Orwell’s own subsequent examination of Dalí has not aged well to say the least, but he is approximately correct that the flaws of the artist, or anyone who has notable impact on culture and history, merit examination.
I was stating an observation, not venturing any opinion on it. And I think you’re correct, but Jones’ own article could afford to be clearer that it’s exclusively preoccupied with Orwell’s view of Dalí and not Dalí’s own life, as the ample confusion in this thread demonstrates.
I was directly addressing @Fang who did seem to be weighing in on the feud itself. I wasn’t addressing Josh Jones.

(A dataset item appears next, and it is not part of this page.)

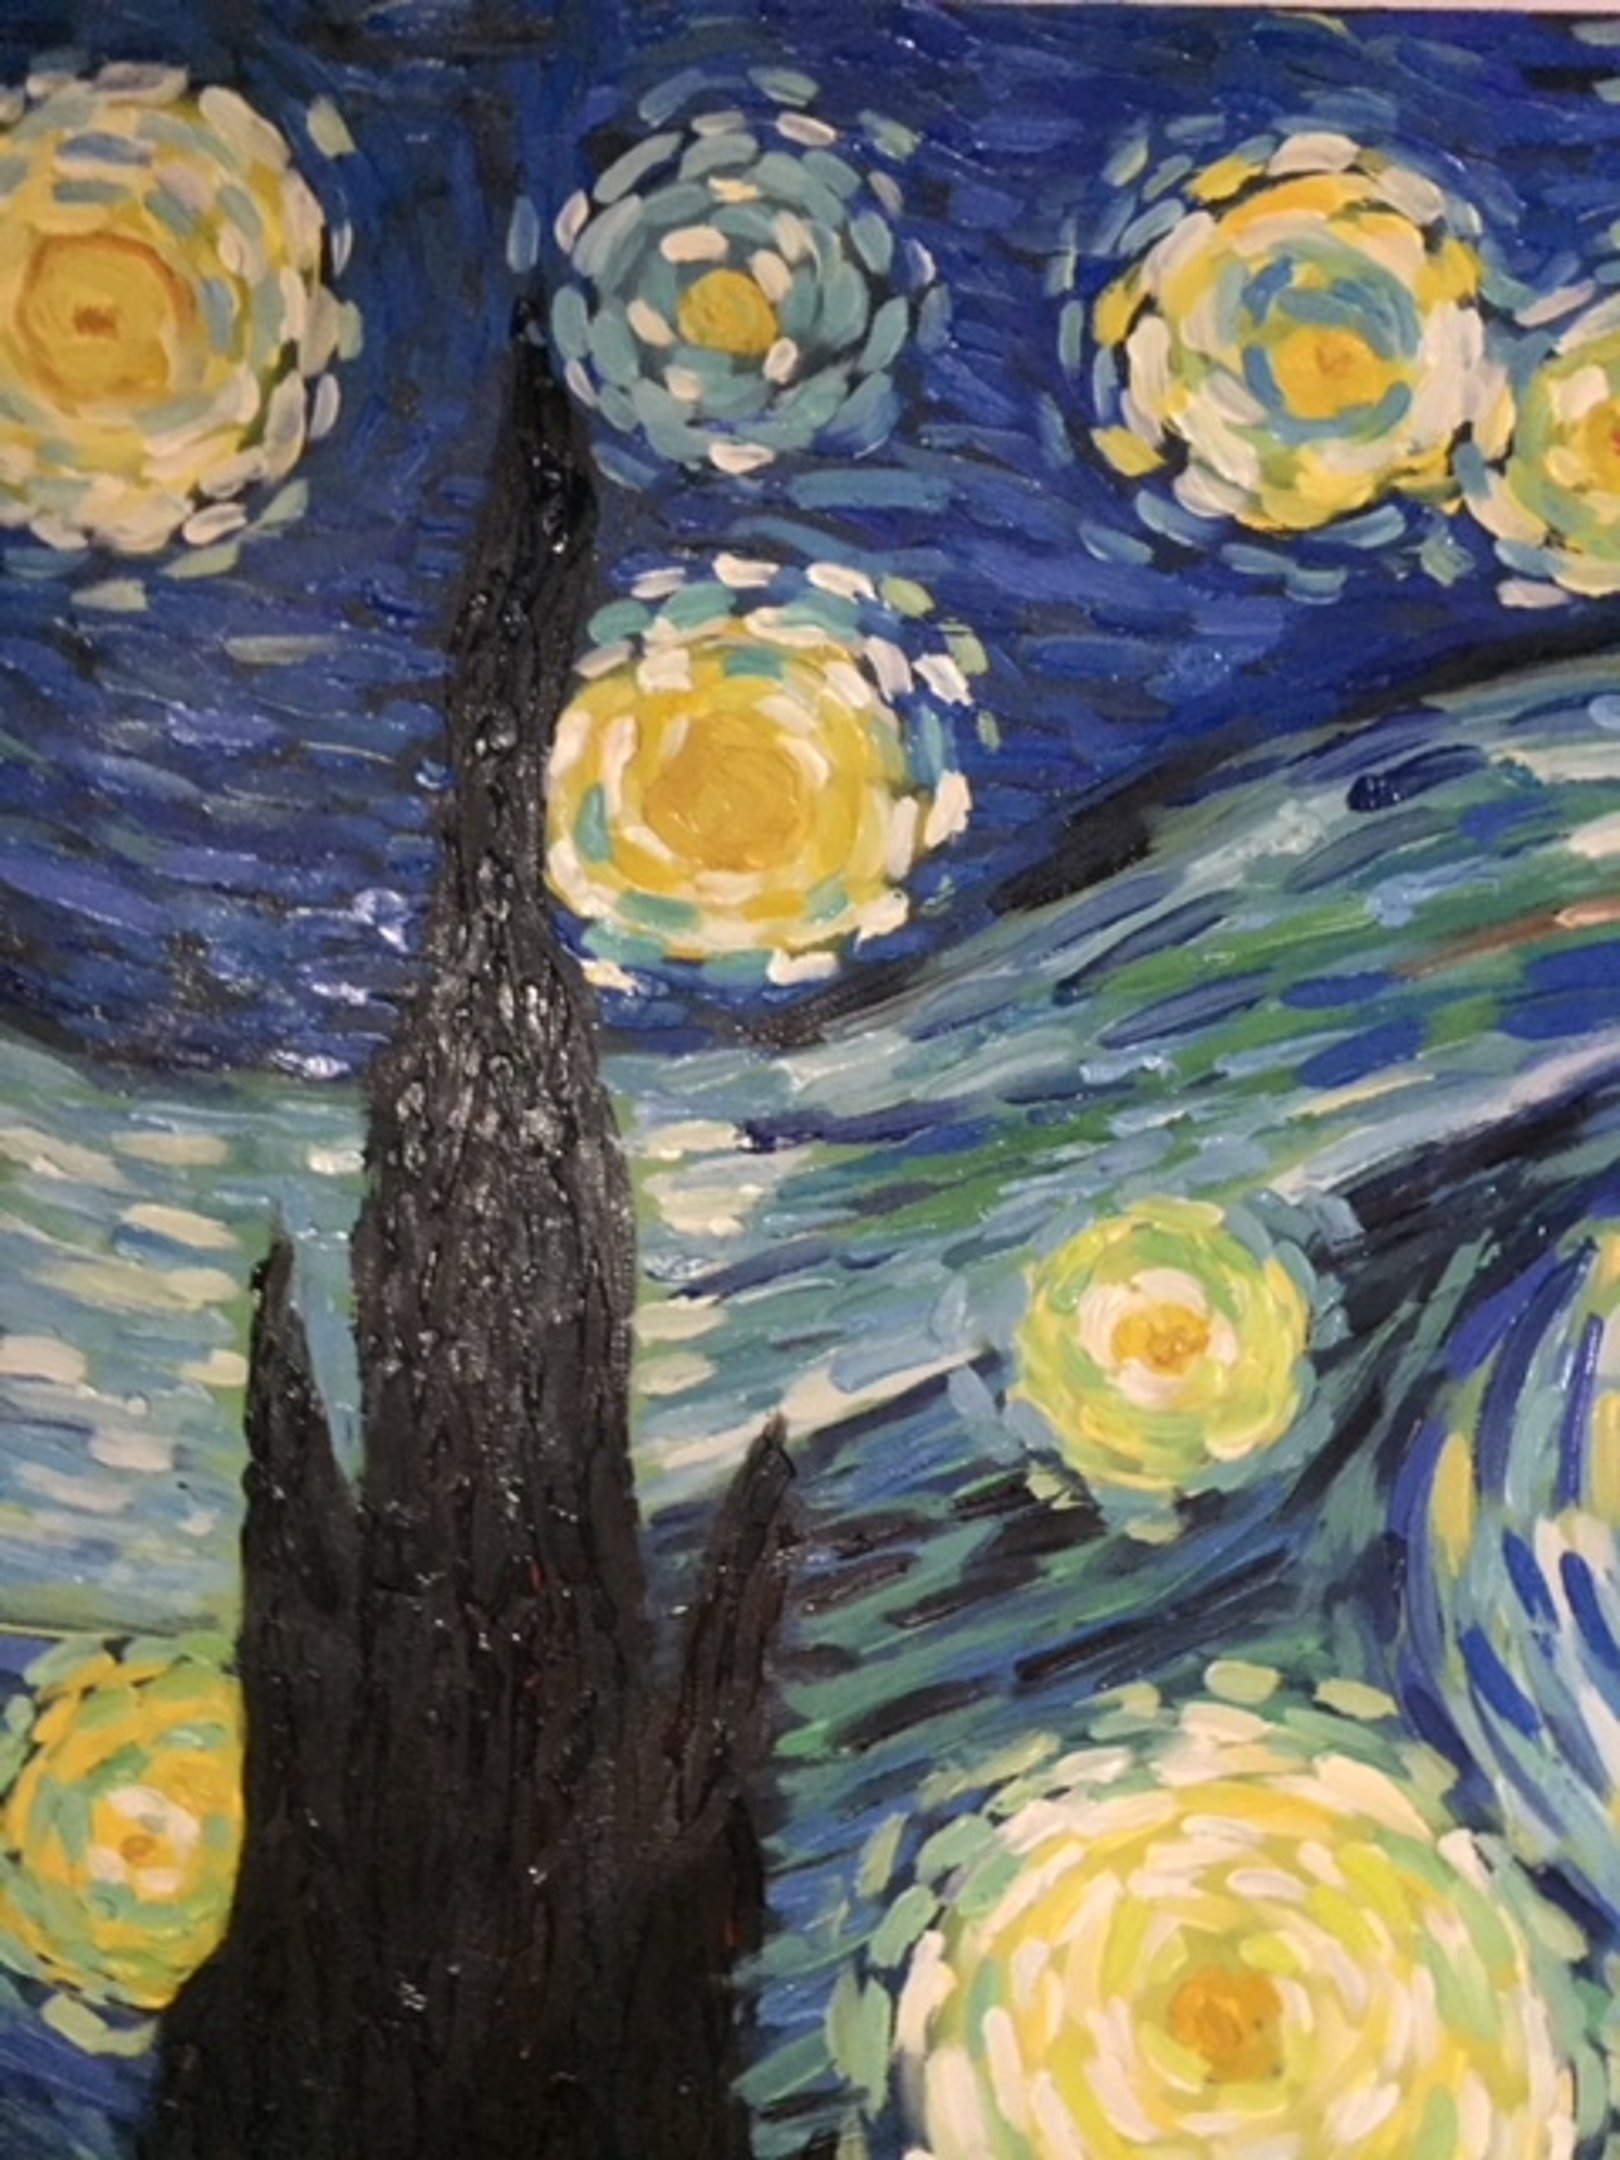 Niik Stampa Notte Stellata di Vincent Van Gogh 60 x 47 cm Falso dautore su Tela 
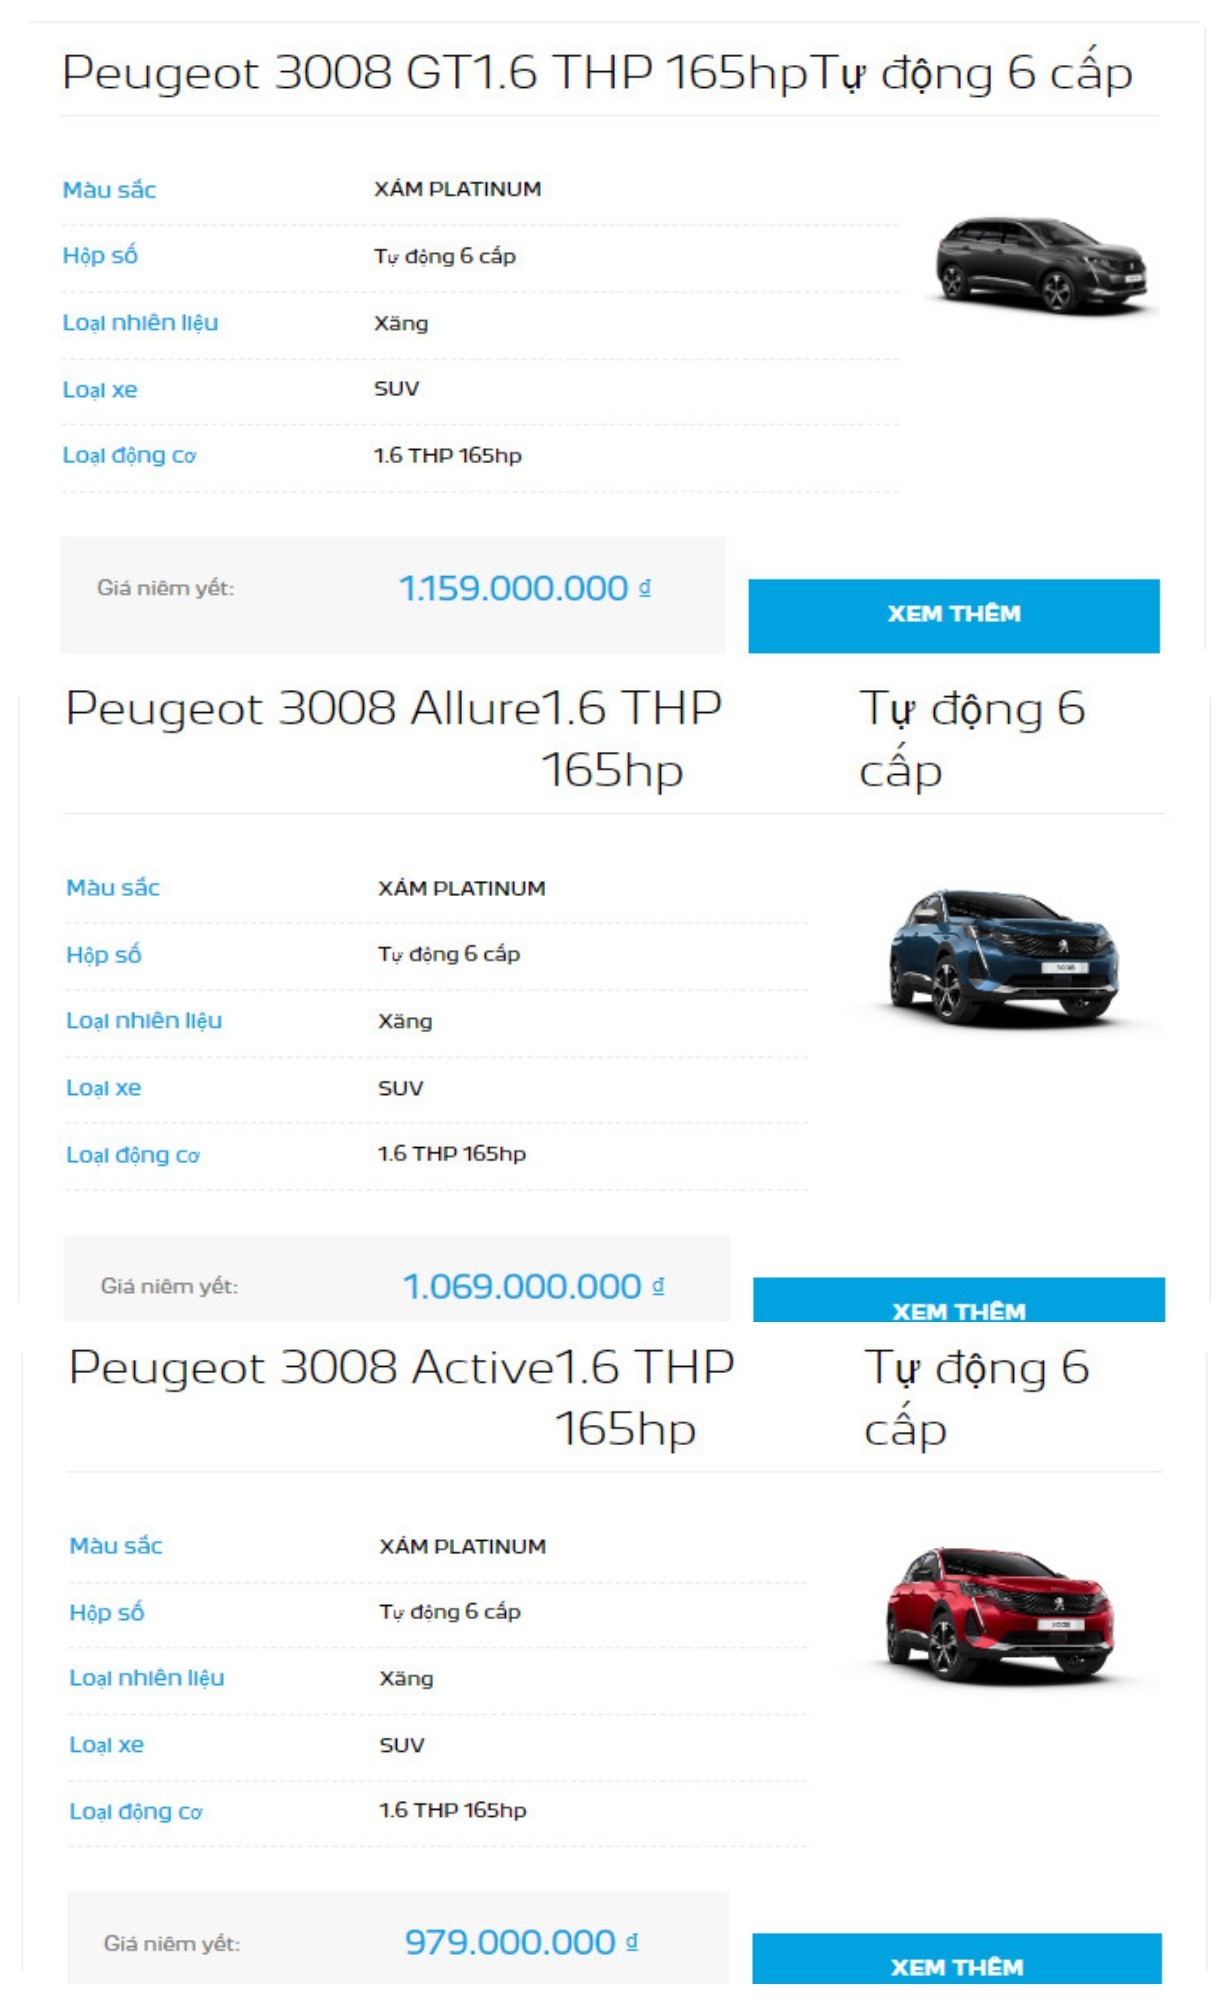 Công bố bảng giá Peugeot mới tại Việt Nam, trong đó một xe giảm hơn 100 triệu đồng

This seems loaded. Others can speak for themselves, but I never called Dalí a terrible person. I did call him a severely troubled man, which I freely admit is my opinion based on what I’ve read of his singular life, and I further suggested a source in support of the opinion so others could come to their own conclusions about what sort of man he was.
That the discussion was not the topic of the original post does not change the fact that it arose in the course of this thread. I see nothing wrong with participating in that digression. Josh Jones does not dictate the topics of discussion on the BBS, even in a thread about an article he posted.
Perhaps. But I saw someone linking to a passage in the autobiography and inaccurately summarizing it, and my inner pedant rebelled. Best possible use of time? Probably not.
Orwell does make the point in his essay that whether or not Dali actually did the things he mentioned, what’s of interest is that Dali is saying them and thus is comfortable even pretending he did these things. Orwell’s take, which in my opinion has merit, is that this says something about Dali’s character whether or not the events actually happened.